Telefon tape kayıtları da incelendi. Tapelerde kimin kiminle konuştuğu belirtilmedi. Tape kayıtlarında suç örgütünün hiyerarşik yapısı şöyle anlatıldı: “Suç örgütünde hiyerarşik bir yapı var. Örgütünün en tepesinde yönetici olarak Bora Kaplan bulunuyor. Bora Kaplan’a suç örgütü yöneticileri ve üyeleri “Abi” lakabını kullanıyor. Bununla birlikte bir takım konuşmalarda karışıklık olmaması için Bora Kaplan için ‘Büyük abi’, suç örgütü üyeleri için ‘Küçük abi’ deniliyor. ‘Mevzu’ kelimesi ile suç örgütünün gerçekleştirmeyi planladığı suçlar kastediliyor. ‘Bebe’ tabiri suç örgütü üyeleri için kullanılıyor. ‘Araba’ kelimesi silah anlamında, ‘Dolu olma’ suç örgütü üyelerinin silahlı olup olmadığı bakımından kullanılıyor. Suç örgütü yönetici ve üyelerinin belli periyotlar ile suç örgütünün işleyişinin sağlanması amacıyla toplanıyor. Toplantılar gizli yapılıyor. Suç örgütü üyeleri tarafından kendilerine verilen talimatlar sorgusuz kabul ediliyor. Bora Kaplan’ın, suç örgütü üyeleri nezdinde otorite ve korkutuculuğu var. Örgüt içerisinde emir -talimat ilişkisine dayalı hiyerarşi çok kuvvetli bir şekilde işletiliyor.”

Hiyerarşik bağın iddianamede kanıtlandığı belirtildi, bu bağlamda Ankara Cumhuriyet Başsavcılığı’nda ifade veren gizli tanık “Ü5W1G8K6L3” ve “M7U3H9F8C4” ifadelerinde silahlı suç örgütü içerisinde hiyerarşinin bulunduğuna ilişkin bilgiler aktardı.

SİYASİ VE YARGISAL AYAĞI

Gizli tanık M7U3H9F8C4’ün Ankara Cumhuriyet Başsavcılığı’nda alınan ifadesinde Erkan Doğan’ın dövülmesi, alıkonulması olayında, Adnan Kaplan’ın örgütün siyasi ve yargısal bağlantılarını yürütüp Bora Kaplan’ın serbest kalmasını sağladığını iddia etti.
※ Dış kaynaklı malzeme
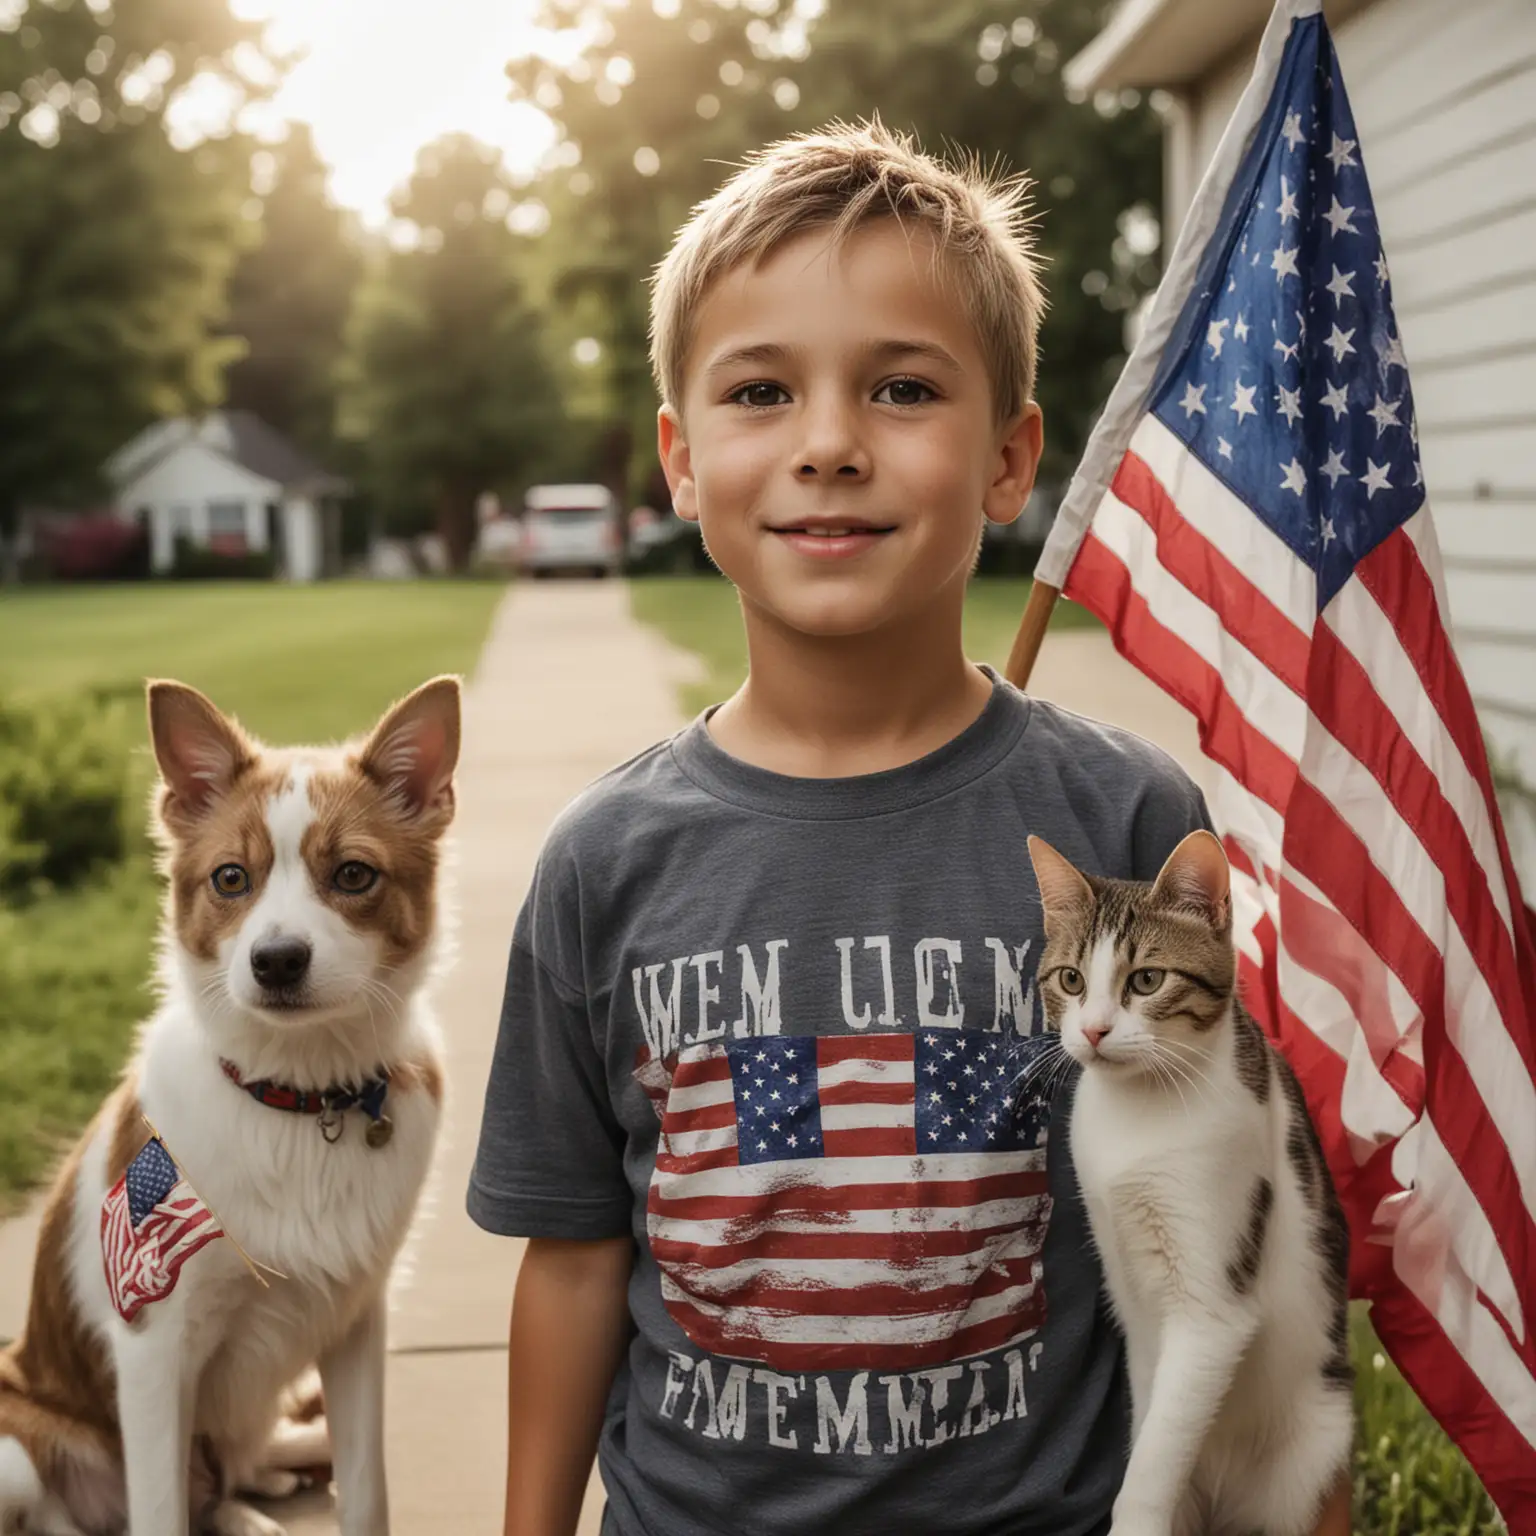 one young boy, with a T-shirt with an American Flag on it, outdoors with a dog and cat, an  American flag in the background
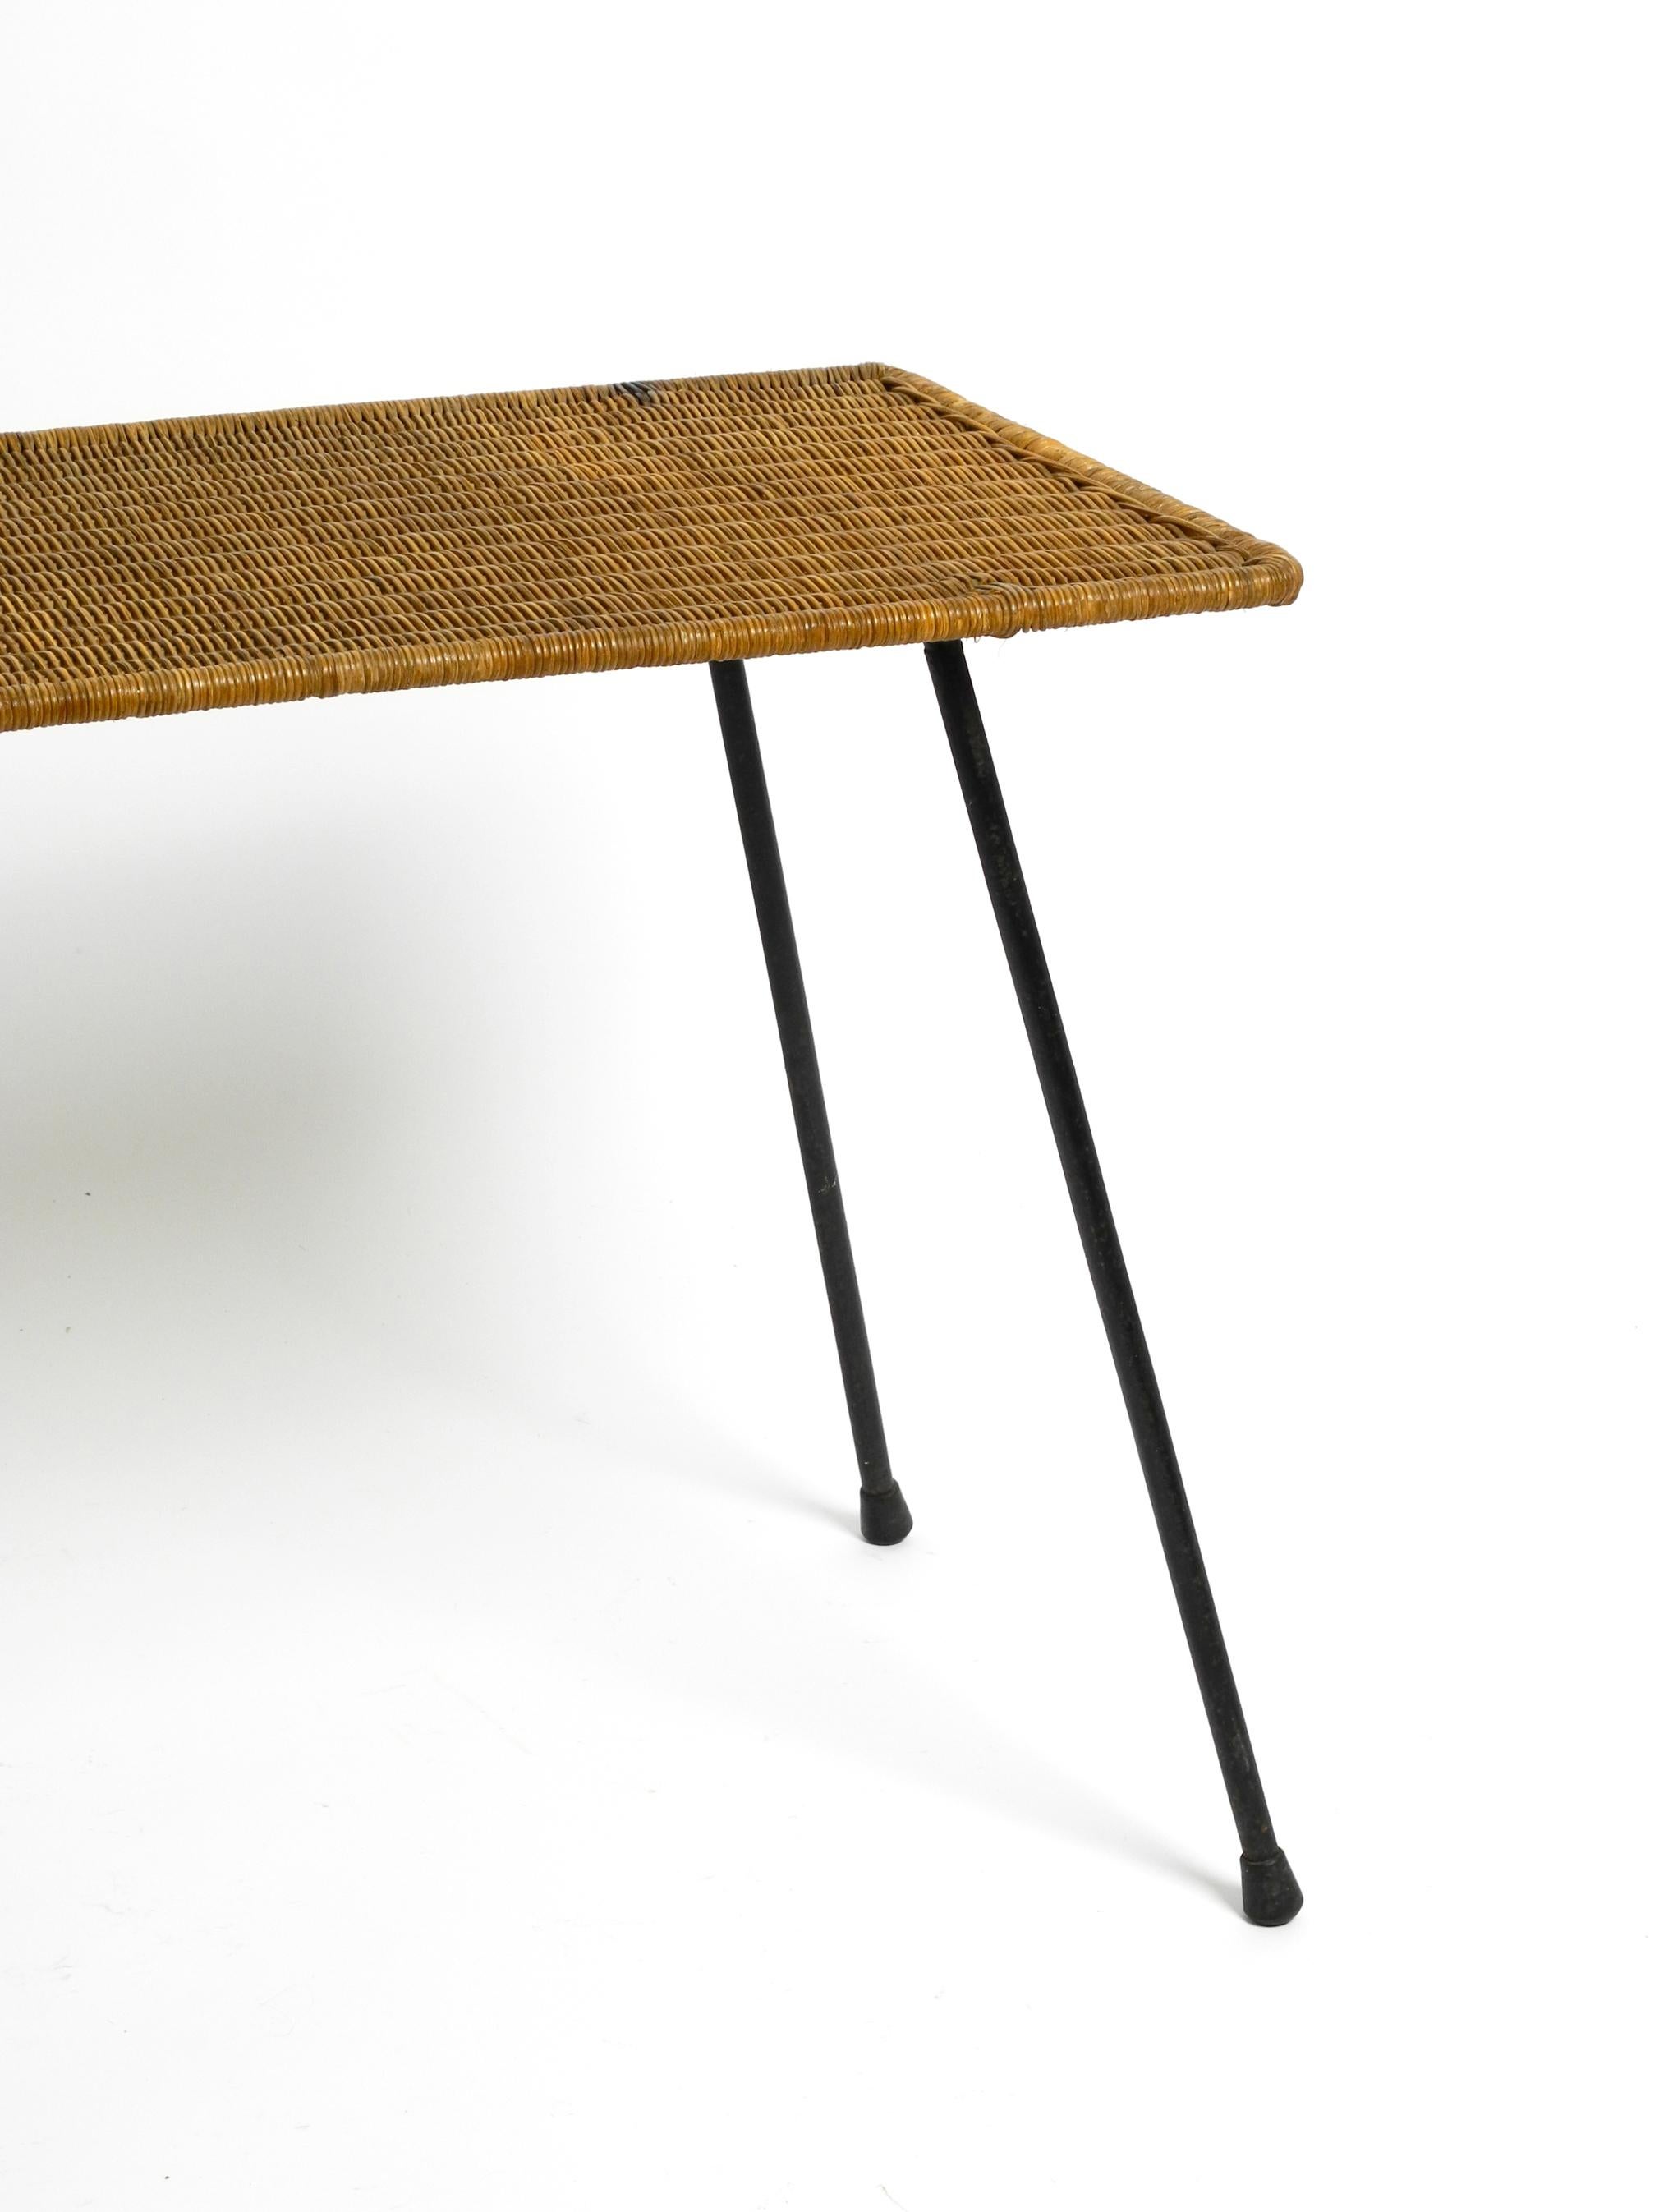 Italian Mid-Century Modern Rattan Side or Coffee Table with a Heavy Iron Frame For Sale 12

İddianamede telefon konuşmaları, bazı mekanlara çökülmesi olaylarında yaşananlar, örgüt bağlantıları, iş yerlerine el konulması, zorla çek imzalatılması “kafaya tabanca dayamalar” gibi onlarca olay anlatılıyor. İddianamenin son sayfasında, Bora Kaplan’ın kazançları bilirkişi tarafından incelendiği belirtildi ve bu konuda yapılan işlem şöyle anlatıldı:

“Bilirkişi raporuyla suçlardan elde edilen gelir olduğu tespit edilen 4 milyon 520 bin lira kazancın müsaderesine karar verilmesi kamu adına iddia ve talep olunur.”

Cumhuriyet Savcısı Mustafa Kaya, Bora Kaplan için ikişer kez müebbet ile 169 yıl 6 ay hapis cezası istedi. 61 sanıklı dava Ankara 32. Ağır Ceza Mahkemesi’nde görülecek. Bu dava çok konuşulacak. Çünkü, işin içinde eski bir bakanın akrabası, bazı kamu görevlilerinin de adının geçme olasılığının yüksek olduğu belirtiliyor.